Happy Thanksgiving! I hope you’re enjoying your weekend. We spent the weekend visiting with extended family. My children also enjoyed a visit to Canada’s Wonderland with their dad, grandfather, and uncle. After almost tossing my cookies at the Carp Fair a few weeks ago, my ride days are sadly over!
As 2013 is drawing to a close in a few months, it’s a great time to start looking at year end issues – before the craziness of Christmas starts up. If you have time before turkey today, you may want to look at the details of your extended health benefits. I realize that this isn’t the most exciting thing to do, but it can save you a lot of money for a relatively minor investment of time.
Do you have any unspent funds left?
Many plans offer a maximum amount per calendar year for various types of health practitioners not covered by provincial health plans, like Naturopathic Doctors, Nutritionists or Dieticians, Psychologists, Chiropractors, Speech Therapists, etc. Do you plan to use any of these services in the near future? NOW is the time to book. If you wait until December, chances are they will be fully booked already. I made this mistake myself last year. In December, I decided that I had exhausted all my other options with back pain and it was time to see a chiropractor. By the time I made the call to set up an appointment, the one that I wanted to see was fully booked until Christmas Eve and was taking the week between Christmas and New Years off (the nerve!). I ended up going in for an assessment in January. I quickly used up my 2013 maximum and have paid the rest out of pocket. If I had just gotten my act together a month earlier, I probably could have saved myself $500. I would have used my 2012 and my 2013 amount without interrupting my treatment plan. Because of my own stubbornness, my 2012 amount fell off the table (or rather came out of my wallet). I would tell you to call today, but it’s a holiday. So, call tomorrow! Even if you don’t go in for the appointment for a few weeks, at least it’s booked.
Do your plan options still make sense?
Every employee benefits package is different in the particulars, but usually there are 3 major areas of possible coverage: Life insurance, disability insurance, and extended health (medical/dental). If you’re fortunate enough to have coverage in all 3 areas, be grateful. That is not the norm any more. Whatever your coverage situation, you want to make the most of what you have.
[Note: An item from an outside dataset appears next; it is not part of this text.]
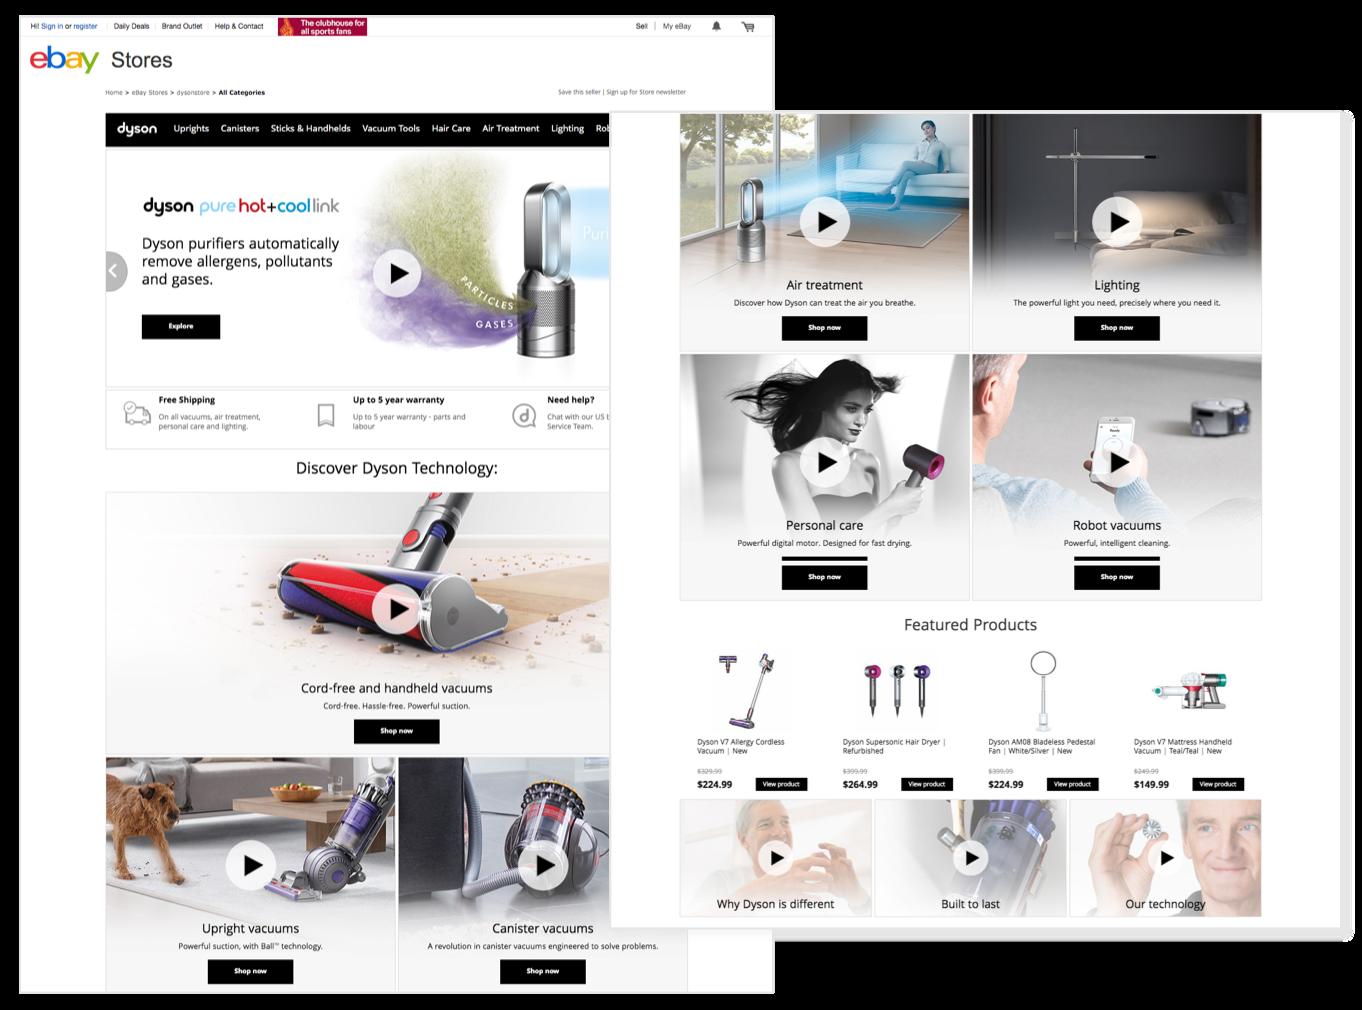 dyson's ebay storefront
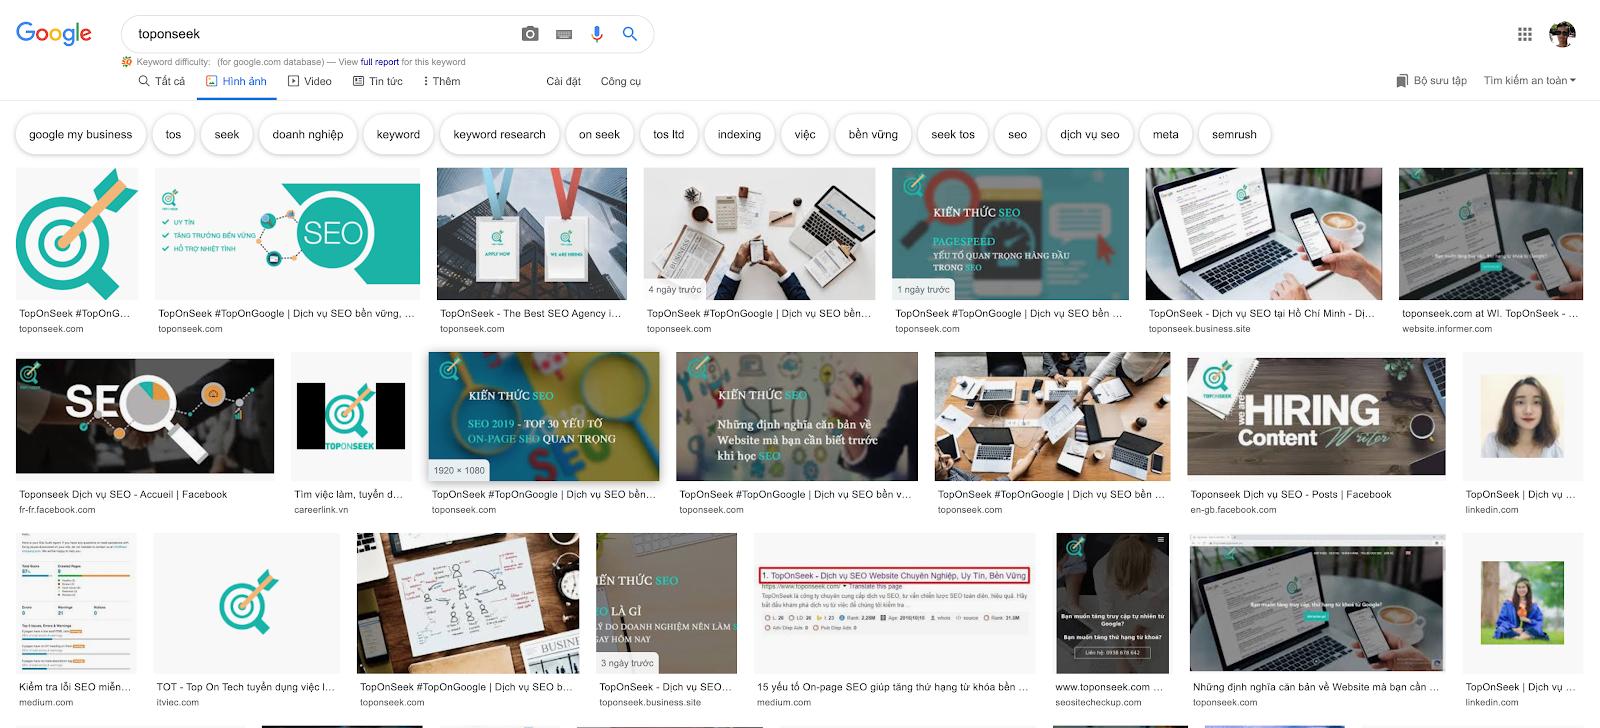 Giao diện mới cho Google Tìm kiếm hình ảnh được phát hành vào cuối tháng 9 năm 2018

Many companies are now offering flex benefits where you have 3 options in each area mentioned above: standard coverage (middle of the road approach), enhanced coverage (usually requiring the employee to fund part of the cost out of his or her paycheque in exchange for better reimbursement rates), or basic coverage (where the employee gets money back to apply to other areas if they don’t need a particular option). When these plans are first introduced, employees will usually look through the details and decide what makes sense at that time. They may choose to cut back on extended health because they have coverage through a spousal plan and apply those funds to extra life insurance instead. Or they may choose the standard coverage for everything. It’s good practice to review those choices on an annual basis to make sure they still make sense.
First, check when you can change your coverage options. It may be annually, every two years, or at a life event (like a marriage, birth of a child, etc). If you’re able to change your coverage now if you want to, then it’s time to crunch the numbers. If you can’t, then there is no point in doing any more work. Put the next possible change date on your calendar and crunch the numbers then.
If a change is allowed at the beginning of the next calendar year, now is the time to crunch some numbers. Is your child going to need braces within the next few years? Check that dental coverage and see if going with the enhanced option makes sense. Finished with physio after that sports injury last year? Maybe you don’t need the enhanced coverage any more and can save yourself some money that way. Check the details of what you’re getting and how much it’s costing you. Maybe your choices still make sense, or maybe they don’t. Make the most of what you have!
You may notice that your employer is requiring you to fund the entire amount of your disability insurance. There are tax reasons that make this set-up the most beneficial for you. If you have paid for the policy yourself, the proceeds should be tax-free if you are ever required to collect. If the employer is paying for the policy, the proceeds will be taxable. A huge difference!